— И у нас всяко бывало.

— Так-с… Ведь у вас старательские работы?

— Да.

— У меня тоже, — глухо проговорил доктор. — Старатели — это органическое зло; это вопрос государственной важности. Они меня вконец зарежут: последние крохи золота тащат с прииска и продают на сторону. Да вот вы посторонний человек, — обратился доктор ко мне, — ну-с, как вы нашли наших старателей?

— Мне кажется, что вы ошибаетесь, доктор…

— Как, ошибаюсь? Значит, по-вашему, старателям следует воровать наше золото?

— Нет, я этого не говорю. Но думаю…

— Нет, вы представьте себе, — кричал доктор, не слушая меня и размахивая руками: — чего смотрит правительство… а?.. у нас на четыреста приисков полагается один горный ревизор… Ну, скажите вы мне, ради самого создателя, может он что-нибудь сделать?
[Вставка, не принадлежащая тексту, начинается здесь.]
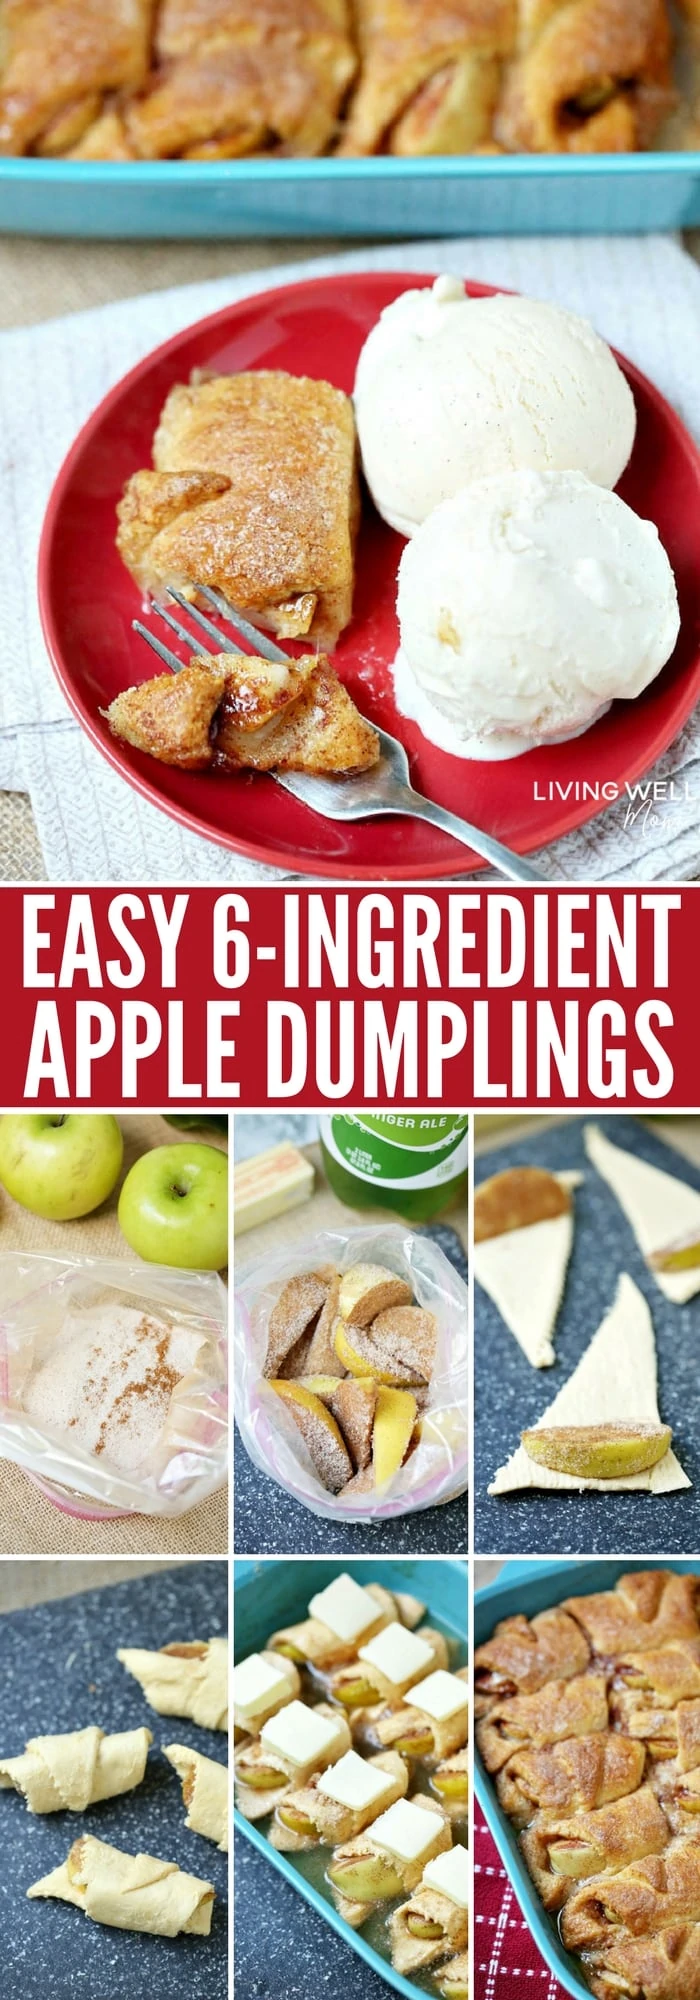 This simple recipe for 6-ingredient apple dumplings is so easy to make, it’s perfect for letting your kids help you bake. This apple dessert might become a fall favorite for your family just like it has for mine!

О горных исправниках и штейгерях говорить нечего… Нужно радикальное средство, чтобы прекратить зло в самом корне.

— Это средство в ваших руках, доктор, — заметил я. — Вы сколько теперь платите своим старателям за золотник?

— Больше, чем другие: два рубля.

— Назначьте старателям три рубля за золотник, и воровство падет само собой.

— Это невозможно, — певуче заговорил Синицын. — Во-первых, мы платим арендные деньги за землю, во-вторых, вносим государственную пошлину, а самое главное, мы несем страшный риск при переходе от ручной промывки к машинной… Вот вам живой пример — канава доктора.

— Да вы взгляните, ангел мой, взгляните! — патетически воскликнул доктор, указывая рукой на прииск. — Что это такое? Свиньи раскопали…

— Государство несет страшный убыток от старательских работ, — вторил Синицын. — Старатели не добывают из земли и половины всего золота, потому что не могут вести работ в широких размерах. Они не разрабатывают хорошенько россыпей, наваливают торфами лучшие залежи песков и этим загораживают дорогу крупным предпринимателям.

— Да, да!.. — кричал доктор. — Притом, старатель по самой организации своего труда хищник с ног до головы: он выбирает только лучшие куски, снимает сливки и бросает, чтобы перейти к другим. Старатель может разрабатывать только россыпи с содержанием 60–70 долей золота на 100 пудов песку, тогда как в Америке выгодным считается промывать россыпи с содержанием 5 долей.

— Это верно, доктор, — согласился я. — Только вы забываете, что в Америке золотопромышленник самый мелкий получает полную цену добытого золота, а ваш старатель довольствуется третью этой цены. Затем, климатические условия в Америке совсем другие, там неизмеримо шире развита промышленность, дешевле капиталы, наконец — предприимчивость янки вошла в пословицу…

— Э, ангел мой, и у нас будет все то же, только при конкуренции старательских работ нам немыслимо поставить дело на вполне рациональных условиях.

Доктор набросал широкую картину золотого промысла «на рациональном основании», которая составлялась из двух частей: собственно приискового хозяйства — заготовка материалов и припасов, своевременная доставка их на прииск — и усовершенствование техники: рельсовые пути для подвозки песков, паровые элеваторы, штанговые и центробежные машины, турфование при помощи сжатого воздуха. Чтобы окончательно убедить в чудесах золотопромышленной техники, доктор привел пример того, что артель в 6 человек, 2 мужика и 4 бабы, добывая песок горным, шахто-ортовым способом, едва успевает промывать в день 600 пудов, тогда как, при открытых работах, разрезом, та же артель свободно промоет целую кубическую сажень песков, то есть 1200 пудов.

— Если еще после этого вы… — ораторствовал доктор, но не договорил своей фразы.

К нам незаметно подошел Ароматов и, сняв свою шляпу, униженно раскланивался, прижимая к сердцу свой сверток, как это делают раскланивающиеся с публикой концертные певцы и певицы.

— Вам что угодно? — спросил доктор, не зная, как принять эти поклоны.

— Если, господа, у вас найдется свободная минута… — заговорил Ароматов, продолжая раскланиваться. — Я, конечно, маленький человек… очень маленький… Да вот пгочтите пгоэкт, господа, там все сказано. Счастливая мысль, очень счастливая мысль…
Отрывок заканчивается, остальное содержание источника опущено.